Below are some records. Write out exactly their lines from the one with "Spanien, Europa Stockbild" through the one with "Frühstück mit Salaten", and leave the pictures behind.

→ **MATERIAL PROVIDED**
------------------------
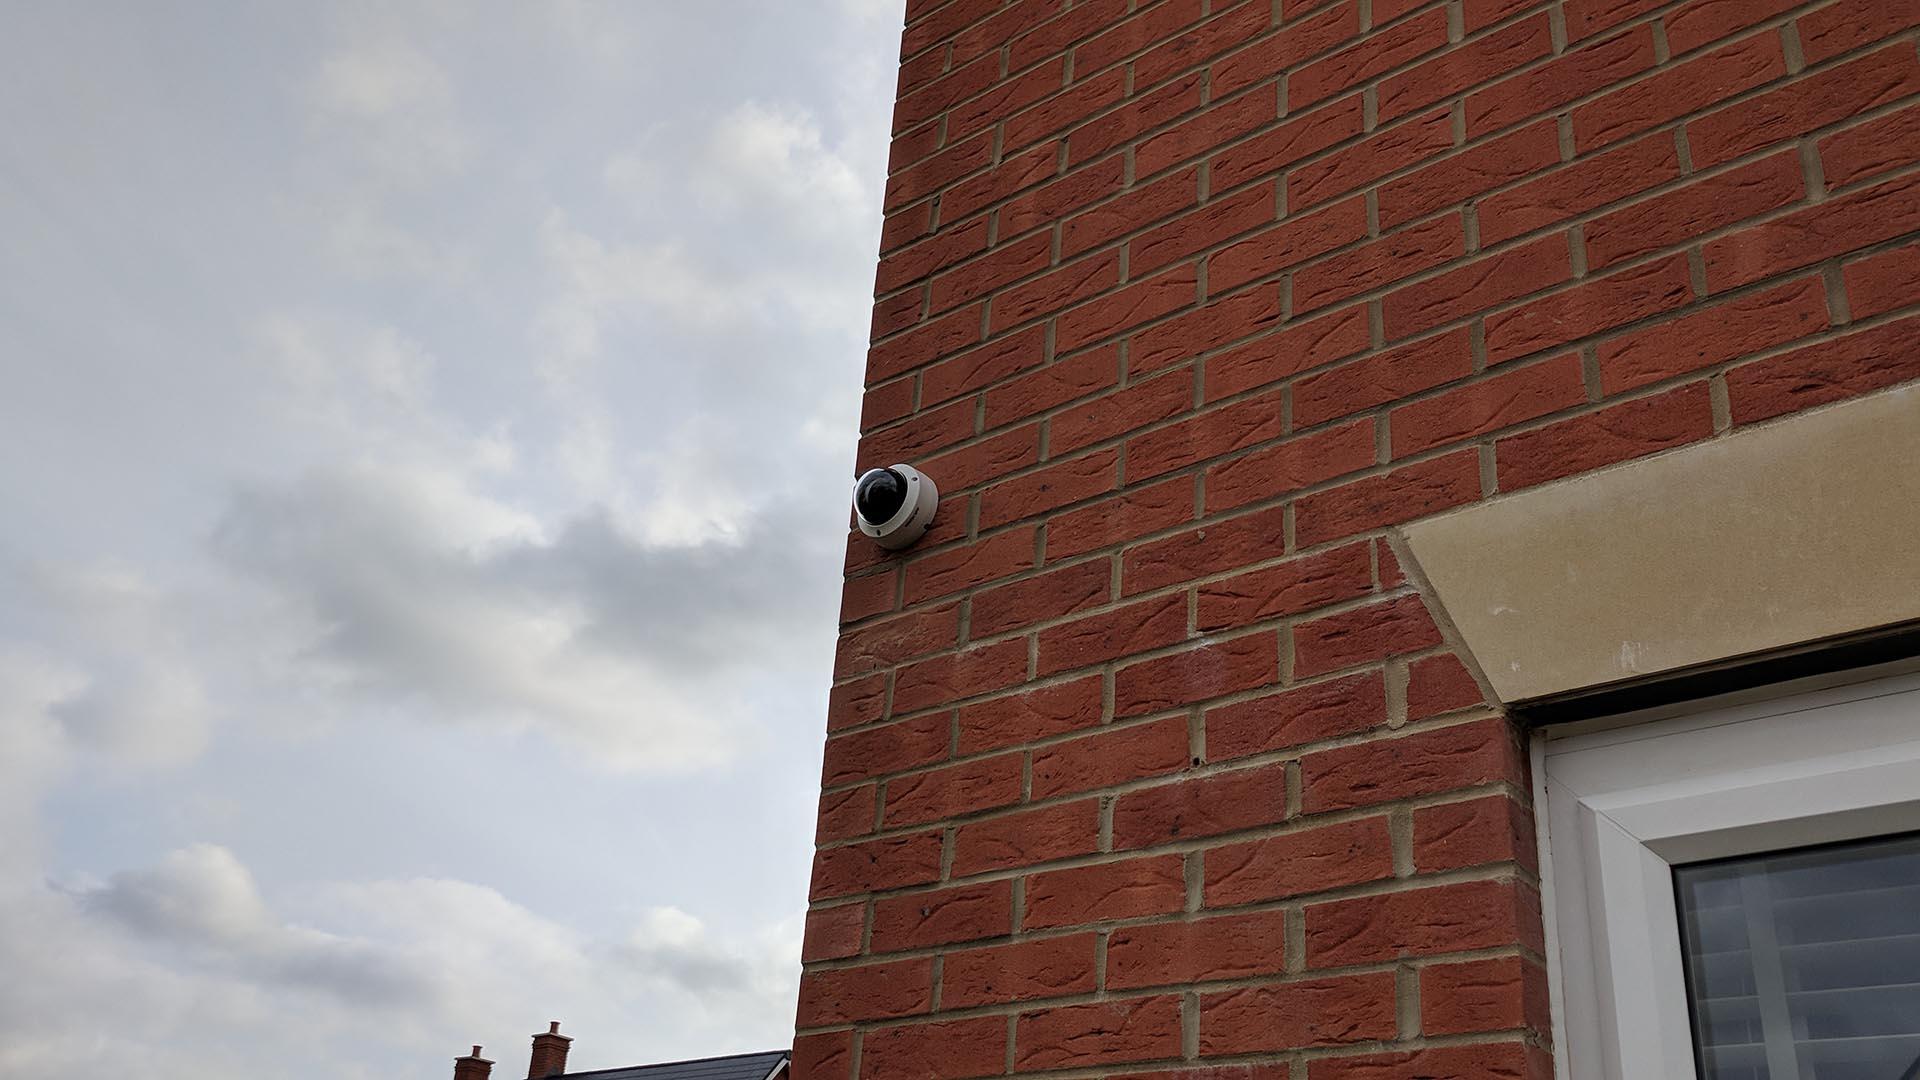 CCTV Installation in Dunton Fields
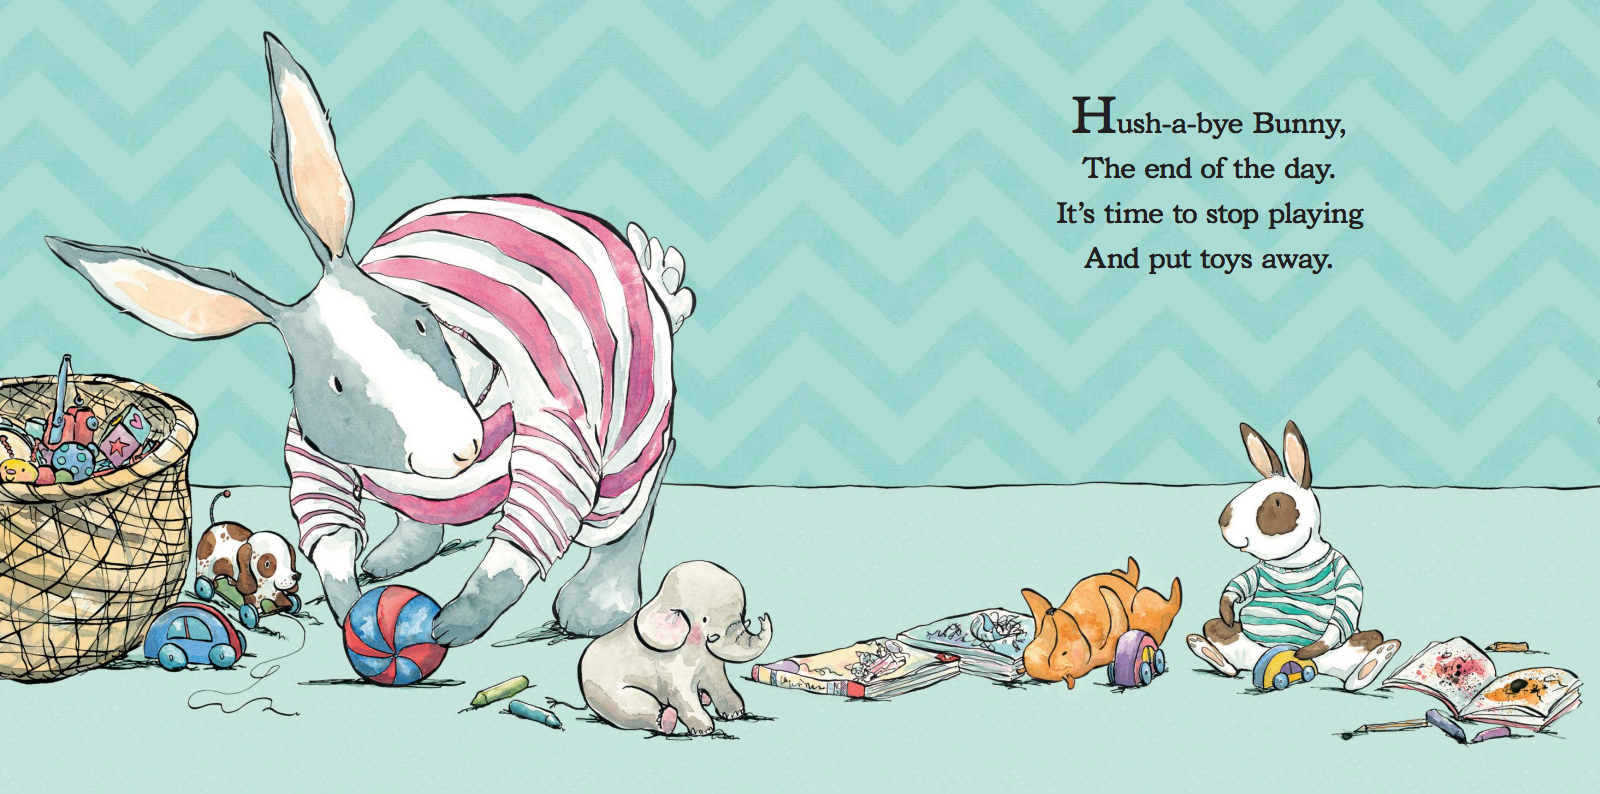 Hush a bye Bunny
------------------------
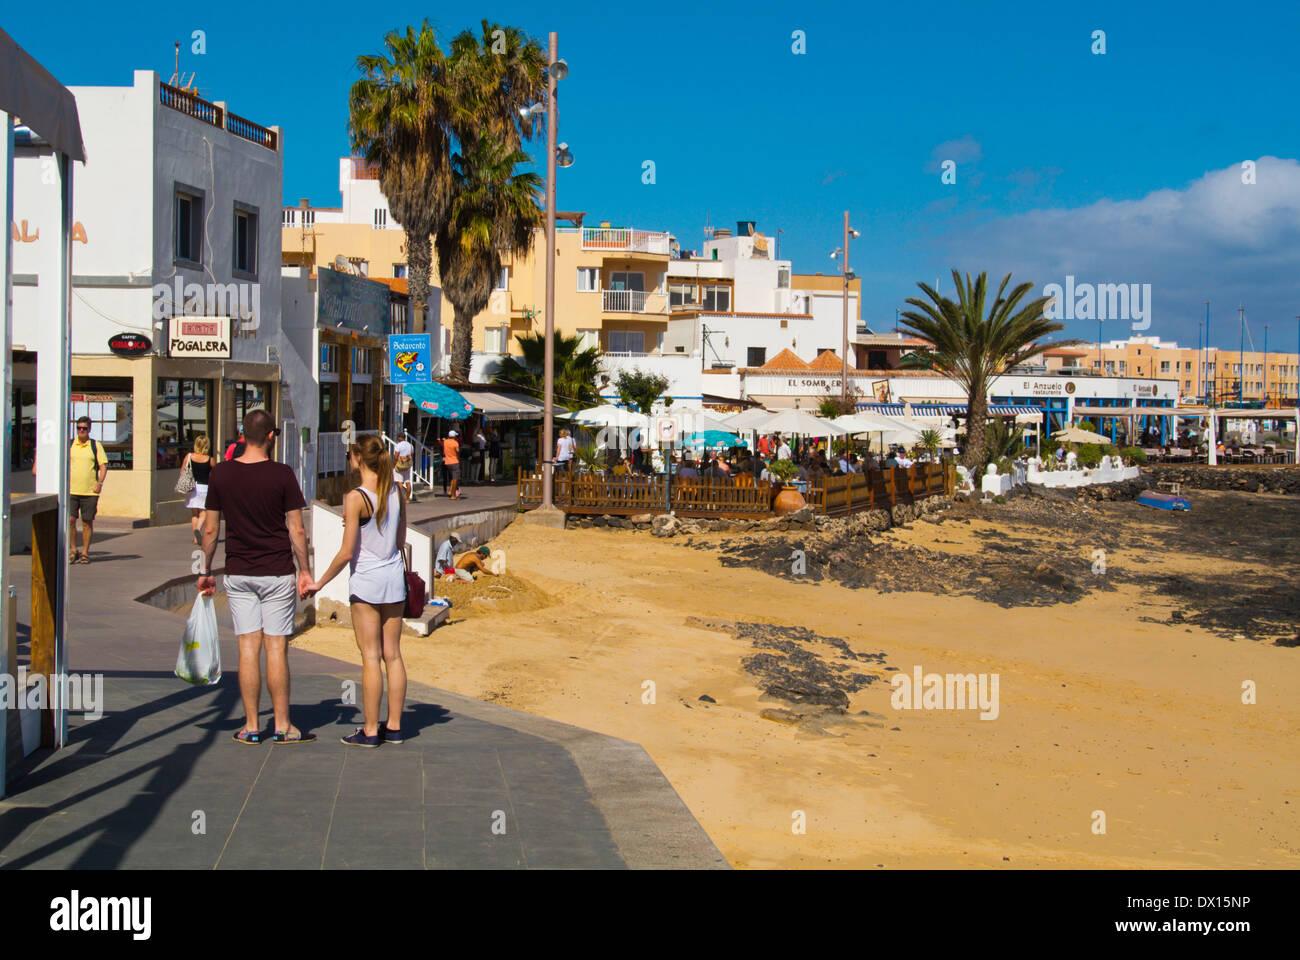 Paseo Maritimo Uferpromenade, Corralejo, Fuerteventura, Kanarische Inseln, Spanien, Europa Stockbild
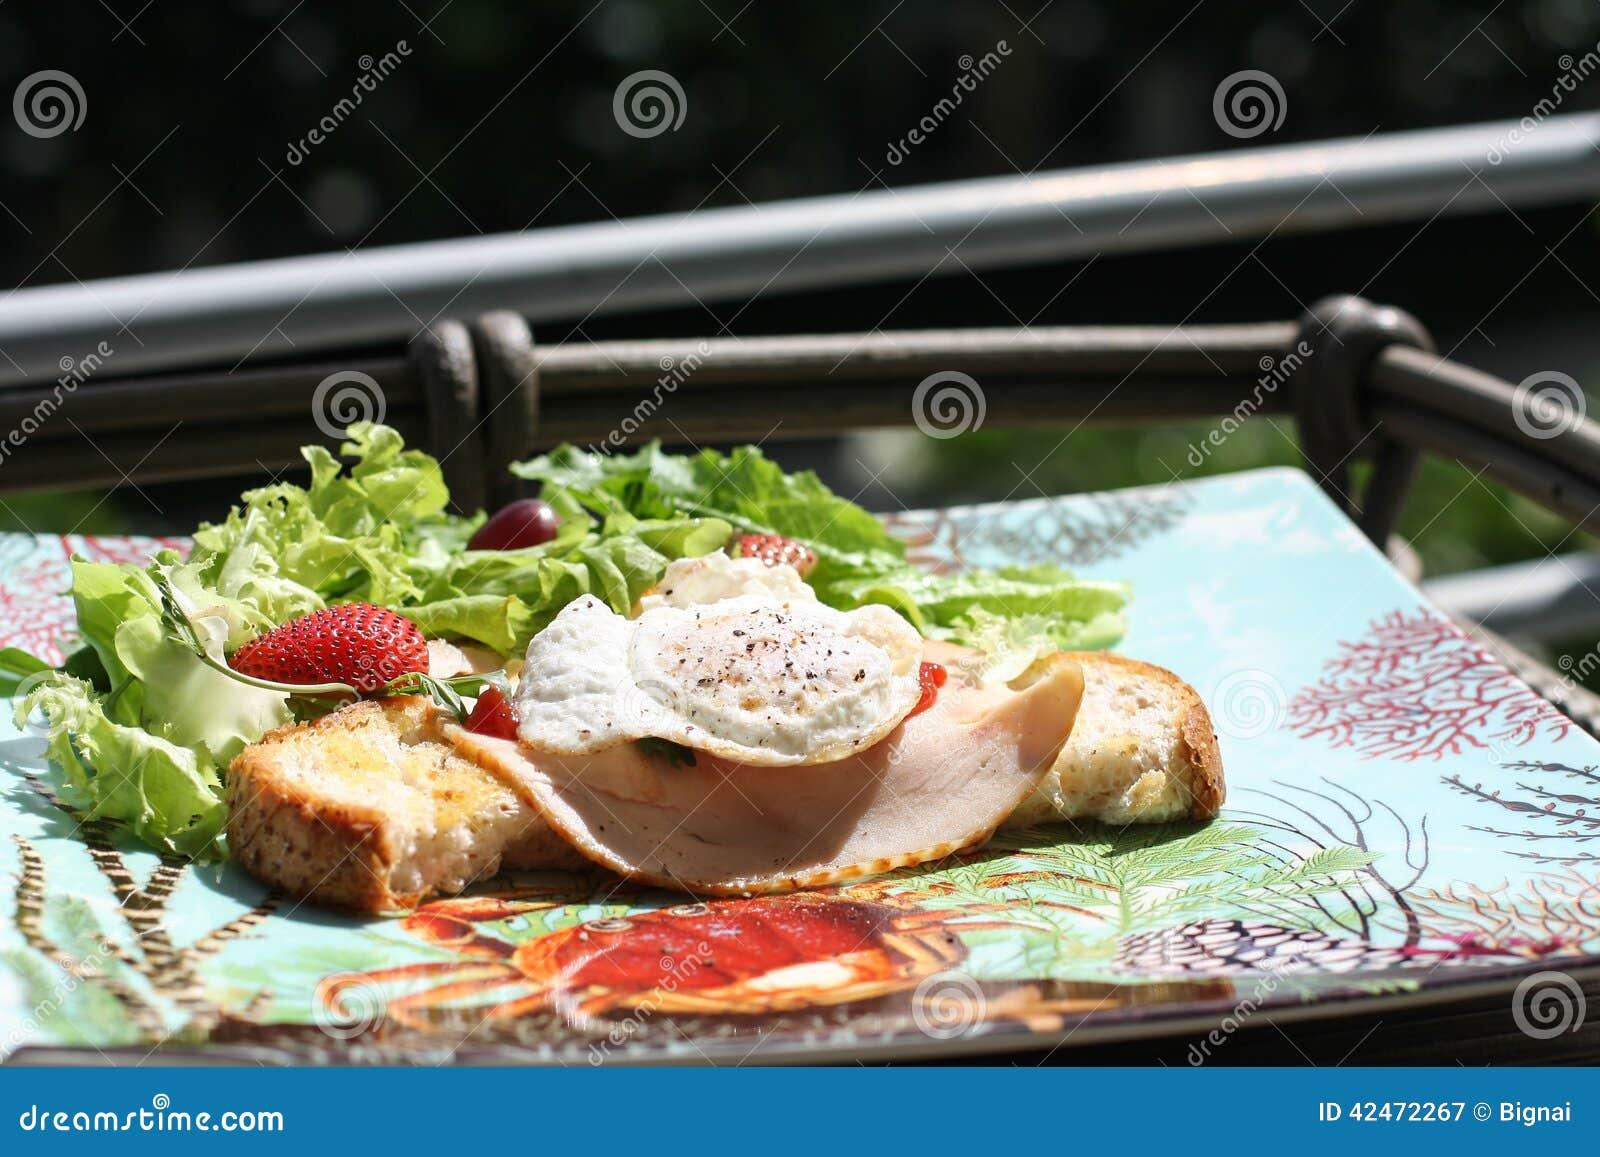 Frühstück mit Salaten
------------------------
→ **SOLUTION FOR THIS TASK**
 Paseo Maritimo Uferpromenade, Corralejo, Fuerteventura, Kanarische Inseln, Spanien, Europa Stockbild
 Frühstück mit Salaten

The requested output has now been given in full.